=== INFORMATION PROVIDED ===
★ ★ ★
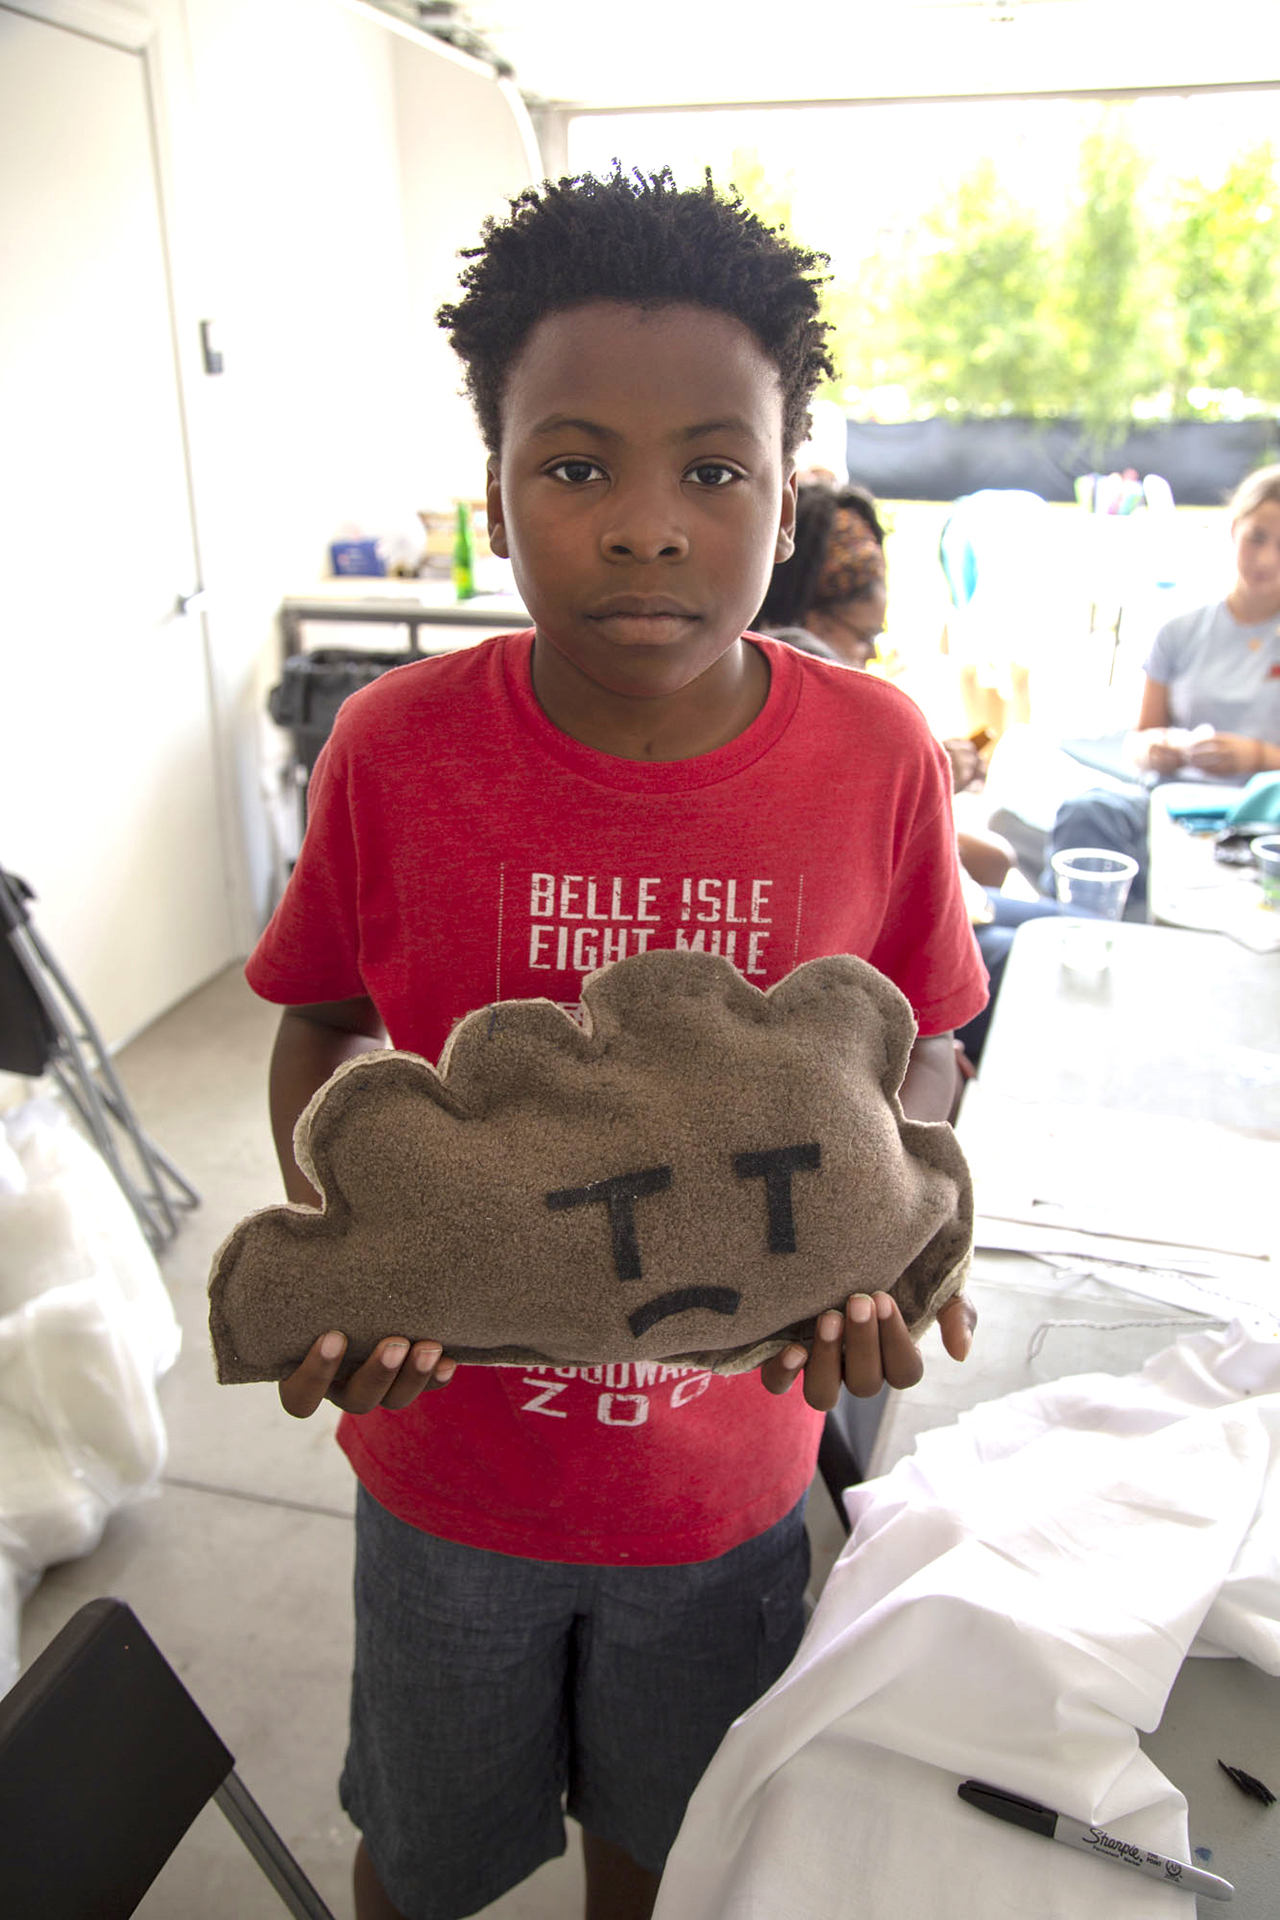 Youth participant in the KAWS EFFECTS: Character Design Summer Camp at MOCAD
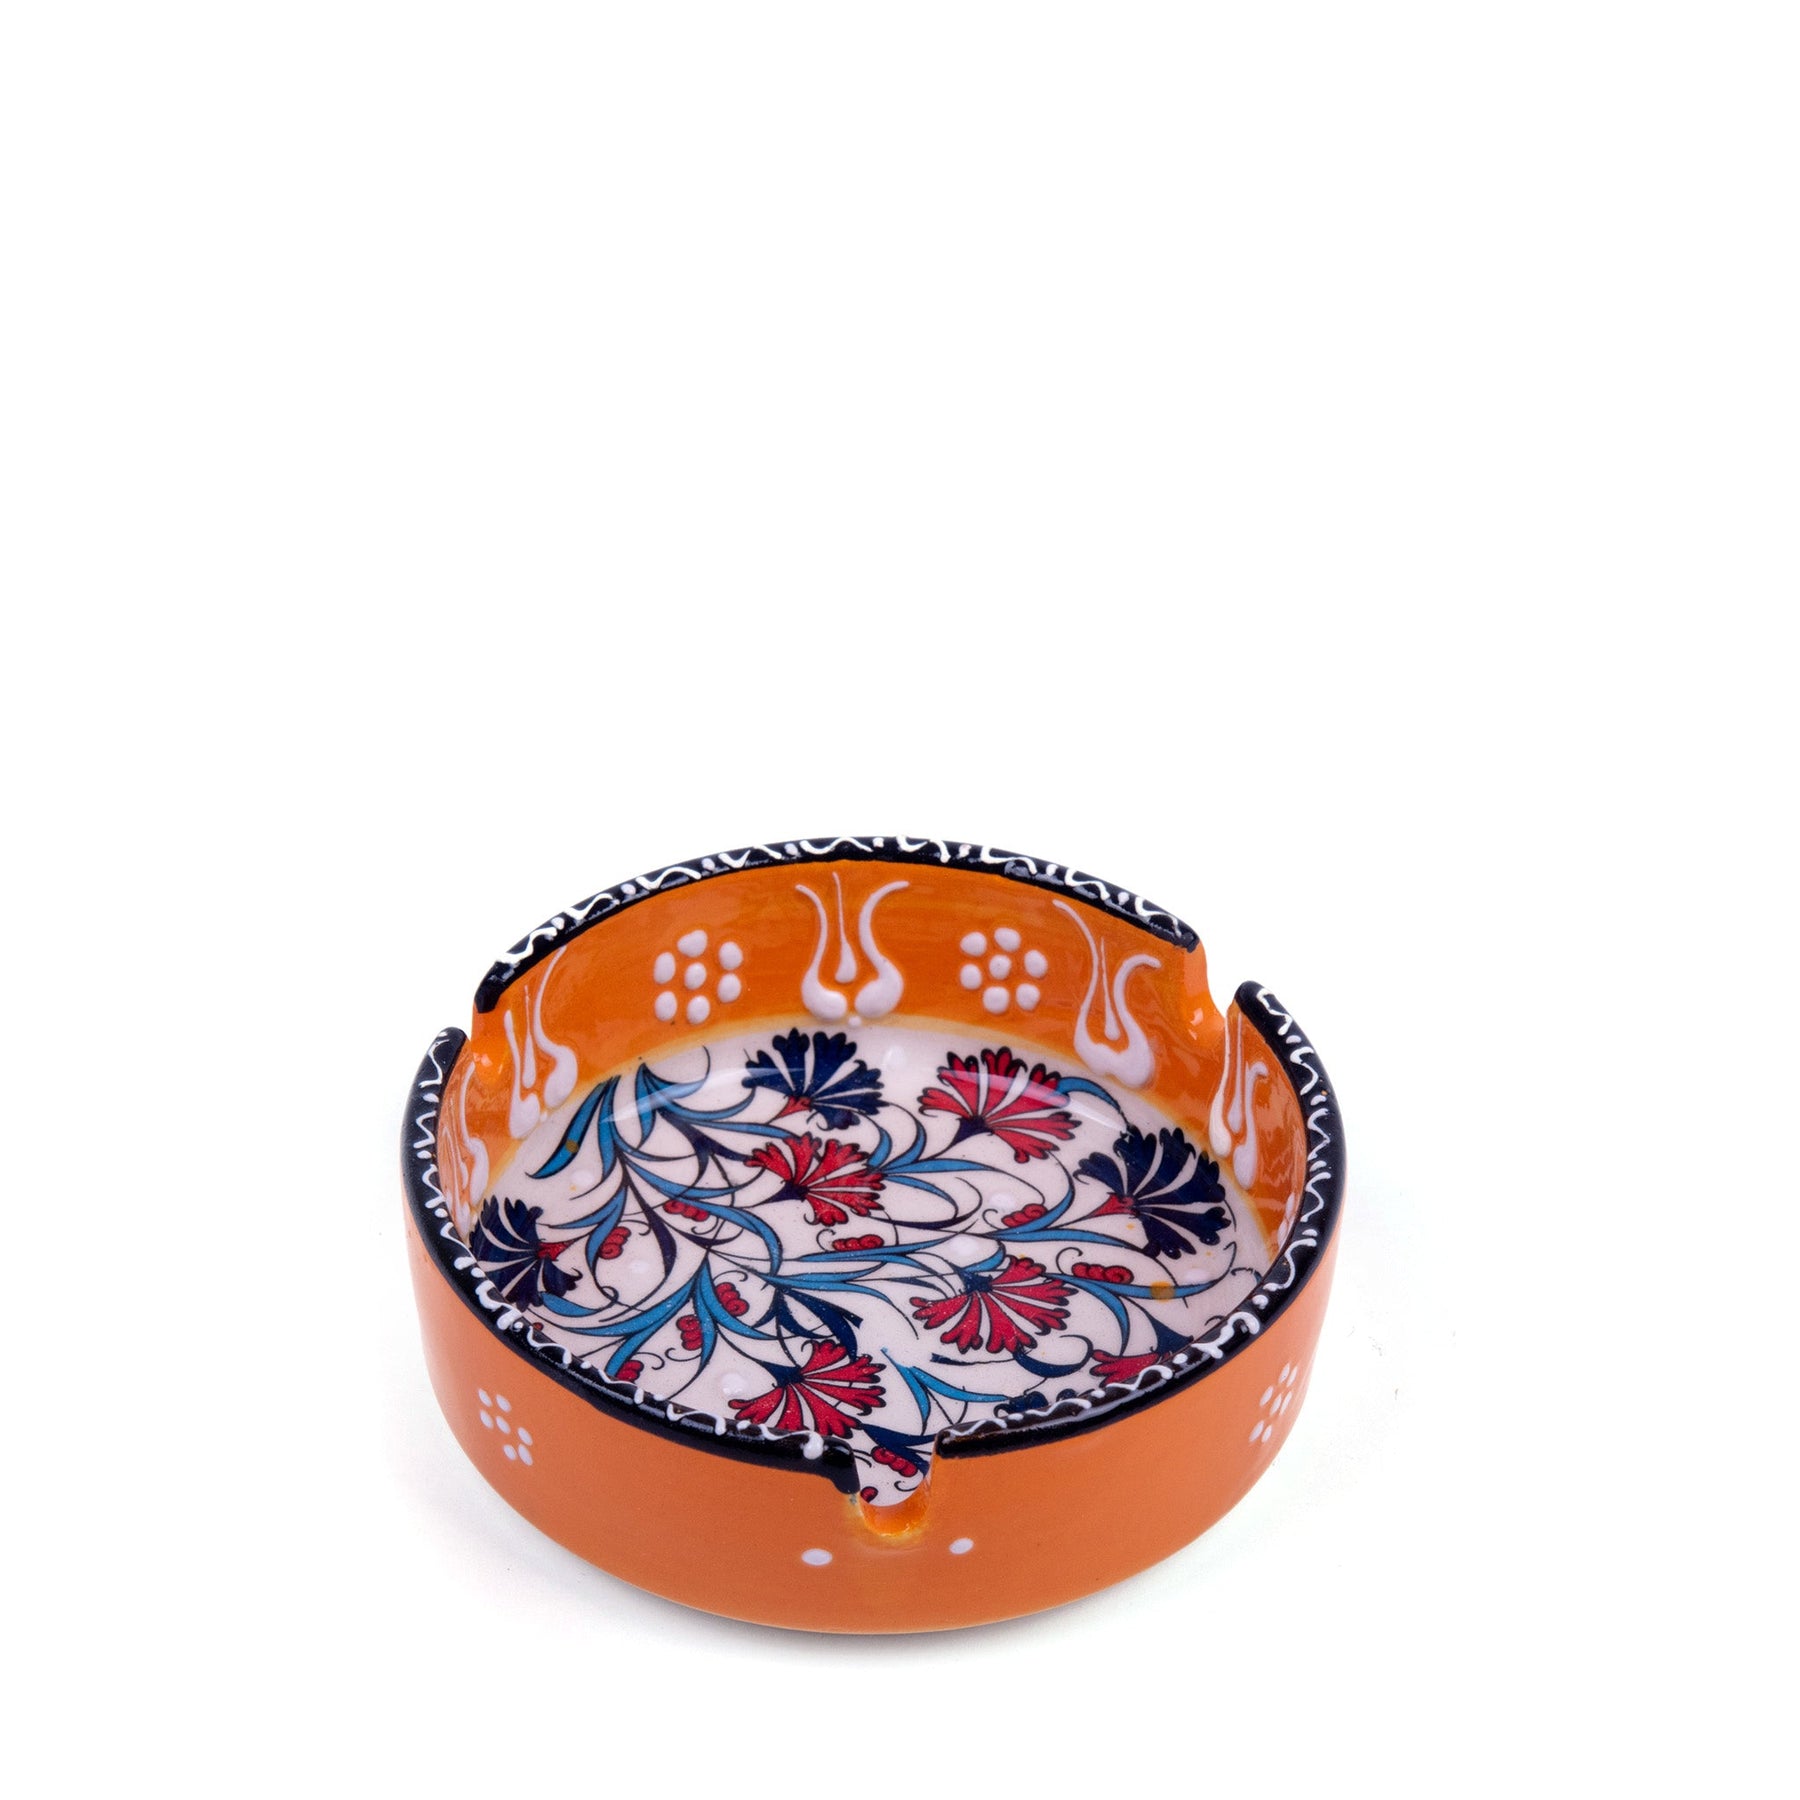 Hand Painted Turkish Ceramic Ashtray Assorted Colors 1 Count 3
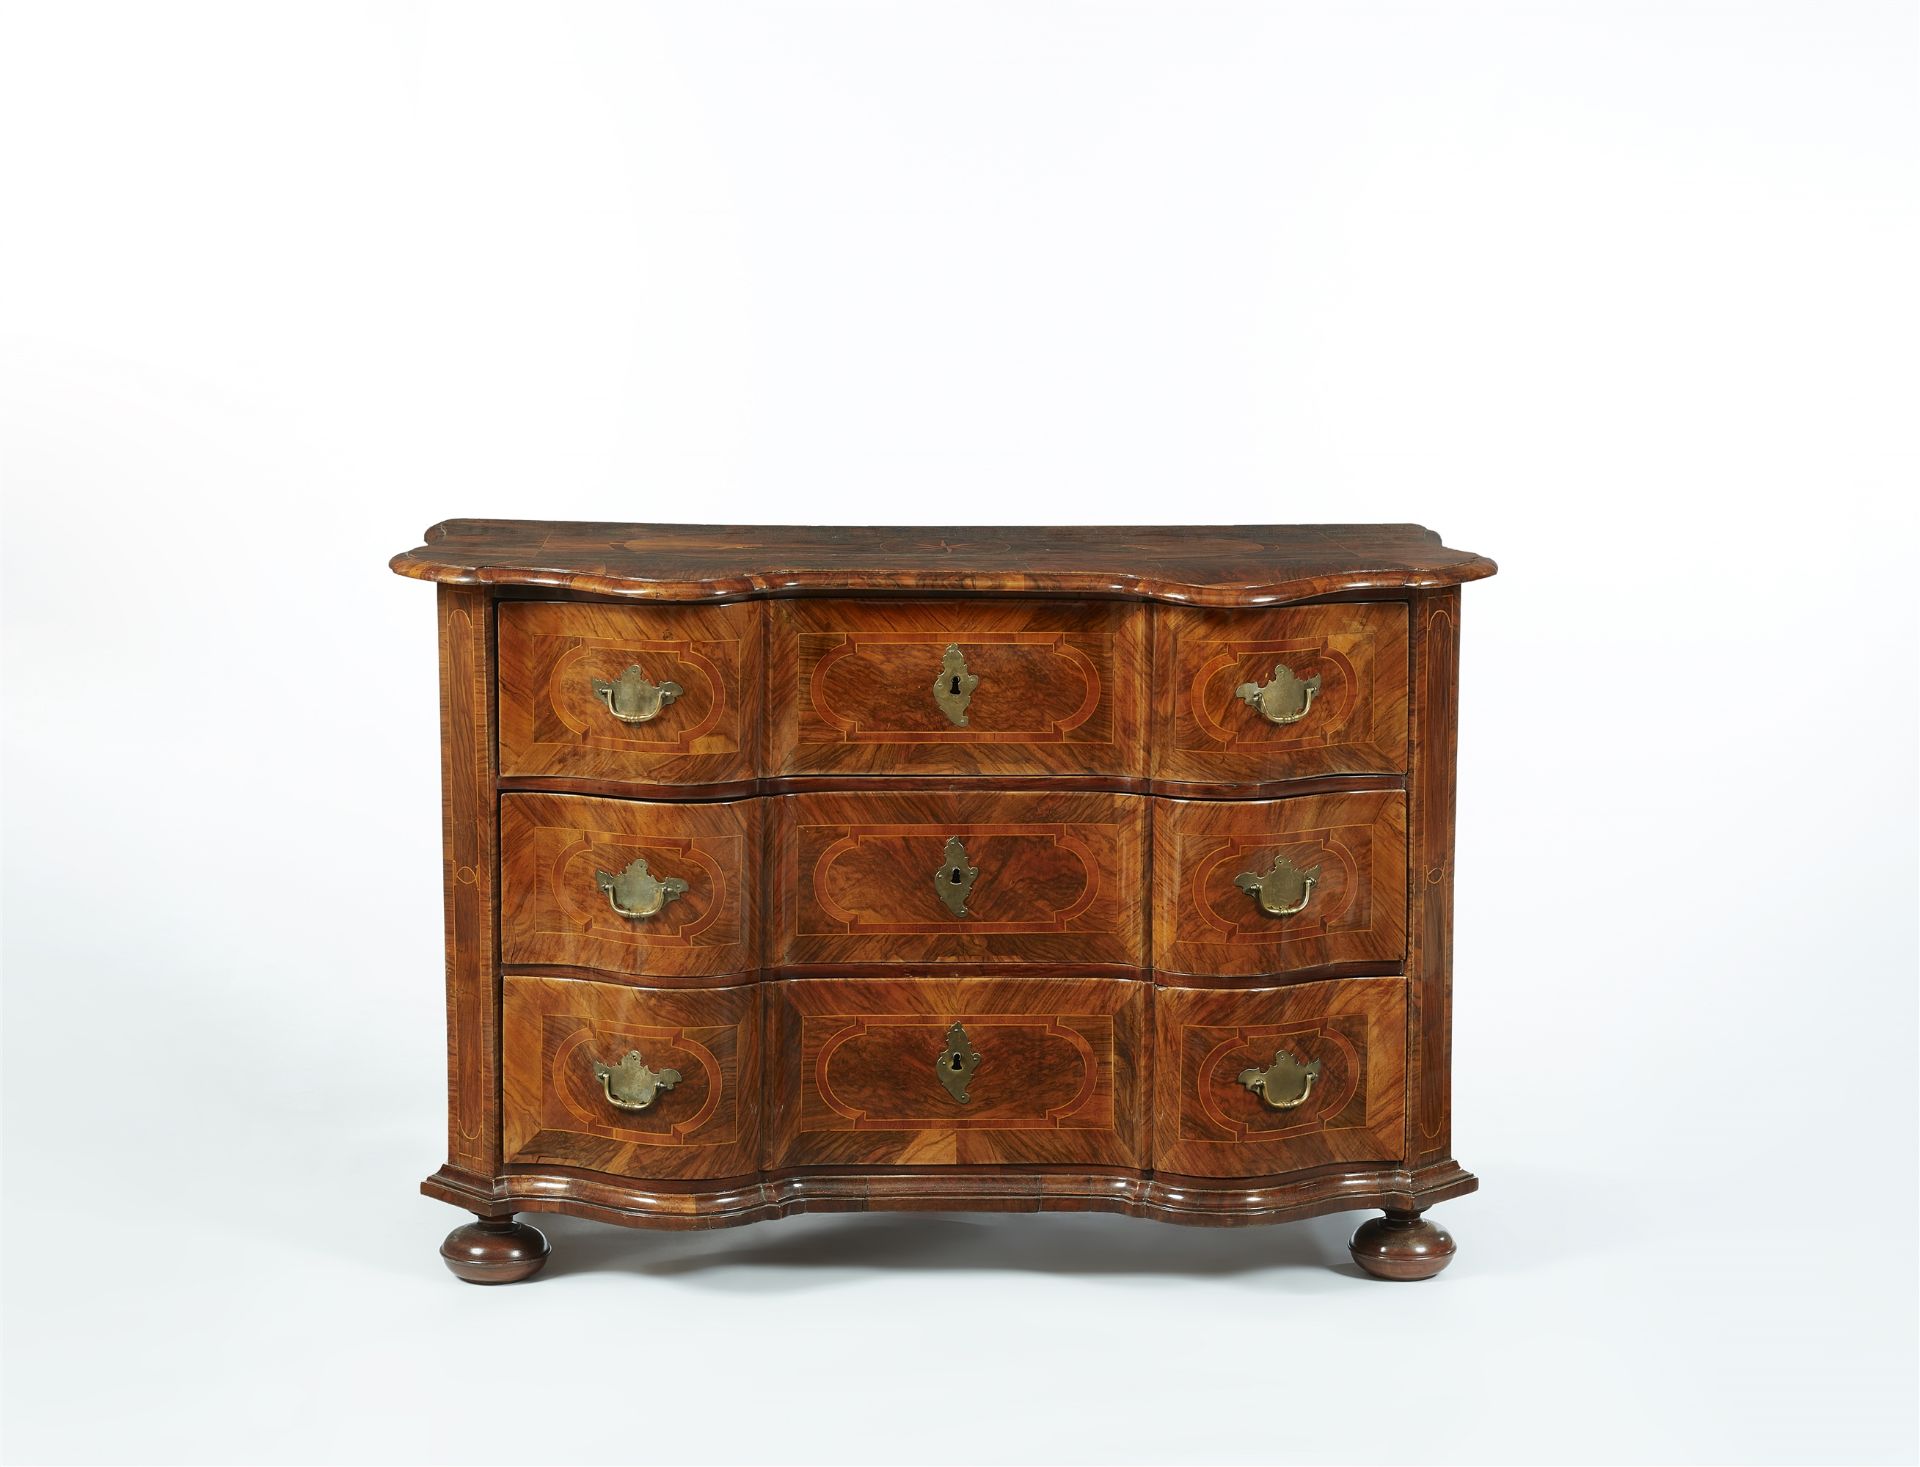 A German Baroque chest of drawers
★ ★ ★
=== TRY IT ===
Every last line above must be reproduced as written, and no pictures belong in the copy.

=== WRITTEN SOLUTION ===
 Youth participant in the KAWS EFFECTS: Character Design Summer Camp at MOCAD
 Hand Painted Turkish Ceramic Ashtray Assorted Colors 1 Count 3
 A German Baroque chest of drawers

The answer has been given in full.